Democrats have placed renewed pressure on U.S. multinational food and drink giant PepsiCo to explain its pricing strategy amid ongoing concerns about the rate of inflation in the first months of Donald Trump’s presidency.
The New York-based corporation was sued by the U.S. Federal Trade Commission (FTC) on January 17 this year, the final trading day of Joe Biden’s tenure in the White House. The commission accused the corporation of “rigging soft drink competition” by allegedly giving an unnamed big-box retailer a more favorable pricing deal than its rivals.
Now, Senators Elizabeth Warren of Massachusetts, Cory Booker of New Jersey, and New York Representative Jerry Nadler have written to the company demanding an explanation regarding alleged disparities in the prices it charges bigger chains versus smaller retailers. They have given PepsiCo a May 25 deadline to respond.
“Pepsi’s actions may have harmed local mom-and-pop stores’ ability to compete against big-box grocery chains, leading to higher prices and fewer options for consumers,” the trio writes in their letter, according to a copy seen by NBC News.
The Independent has contacted PepsiCo for comment.
Warren, Booker, and Nadler’s action revives their party’s concern that price-gouging is the root cause of inflation. They see corporate greed and anti-competitive practices as a key reason consumers face high prices.

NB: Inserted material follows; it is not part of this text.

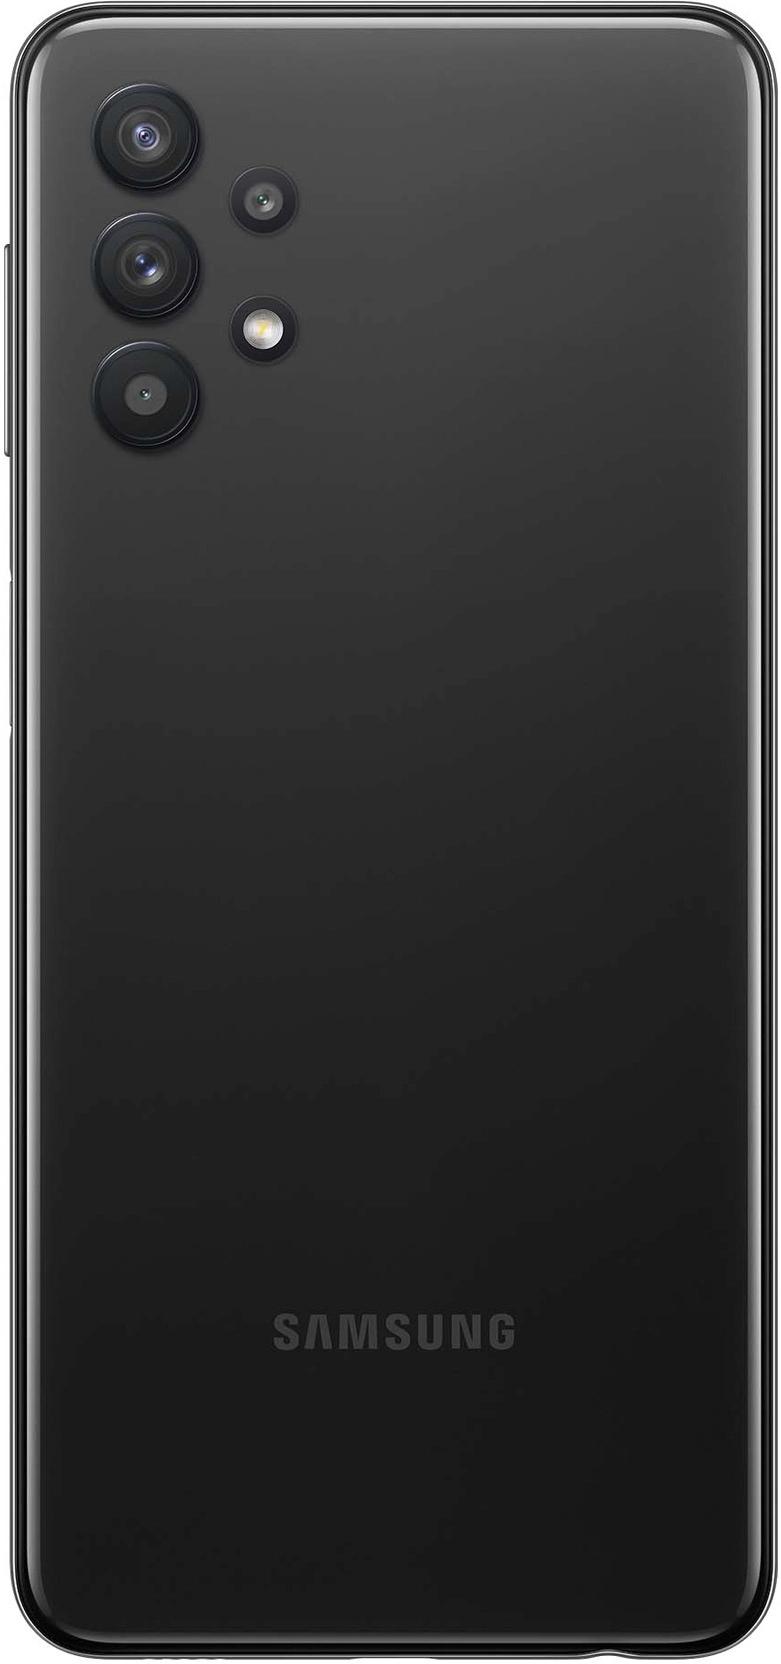 Samsung Galaxy A32 DS (SM-A325) 64GB 352407511781230 - 2

At the same time, Republicans regard the problem as macroeconomic, preferring to go after foreign trading partners rather than domestic businesses.
The Biden-era FTC’s late lawsuit against PepsiCo was attacked at the time by Andrew Ferguson, its then commissioner and now chairman, who said he saw it as a “cynical attempt to tie the hands of the incoming Trump administration,” “partisan politics, pure and simple” and based on “little more than a hunch.”

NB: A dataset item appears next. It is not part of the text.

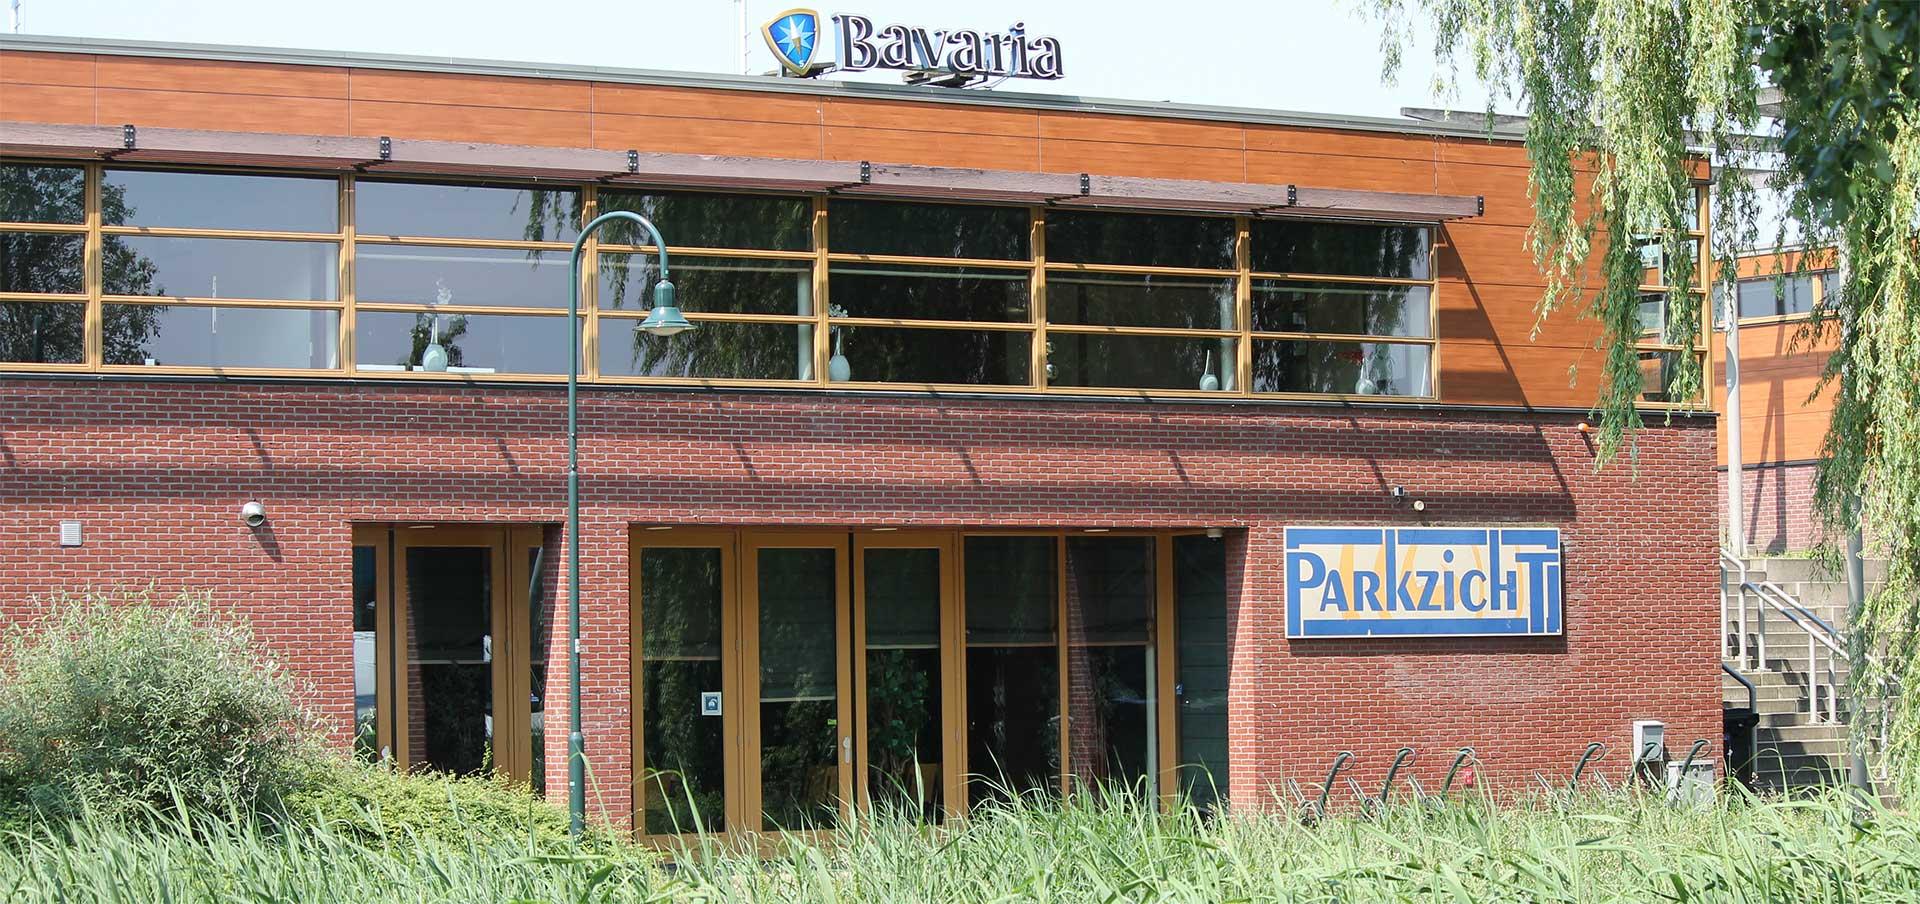 Parkzicht Dierdonk locatie

“It is the single most brazen assertion of raw political power I have witnessed during my time as a commissioner,” Ferguson added.

PepsiCo likewise argued the lawsuit was “partisan.” In a January statement, it said its “practices are in line with industry norms, and we do not favor certain customers by offering discounts or promotional support to some customers and not others.”
Like many other businesses, the multinational—which counts Frito-Lay, Tropicana, Quaker Oats, and Gatorade among its well-known brands—recently warned that President Trump’s trade war was likely to cause turbulence that threatened to impact its profits after reporting first-quarter slides of 1 percent and 3 percent, respectively, for its food and beverage volumes in North America.
“Consumers have remained value‐conscious across brands and channels as the cumulative impacts of inflationary pressures have strained budgets and altered food shopping patterns,” executives told investors in late April, warning that further volatility was likely to force it to raise its costs.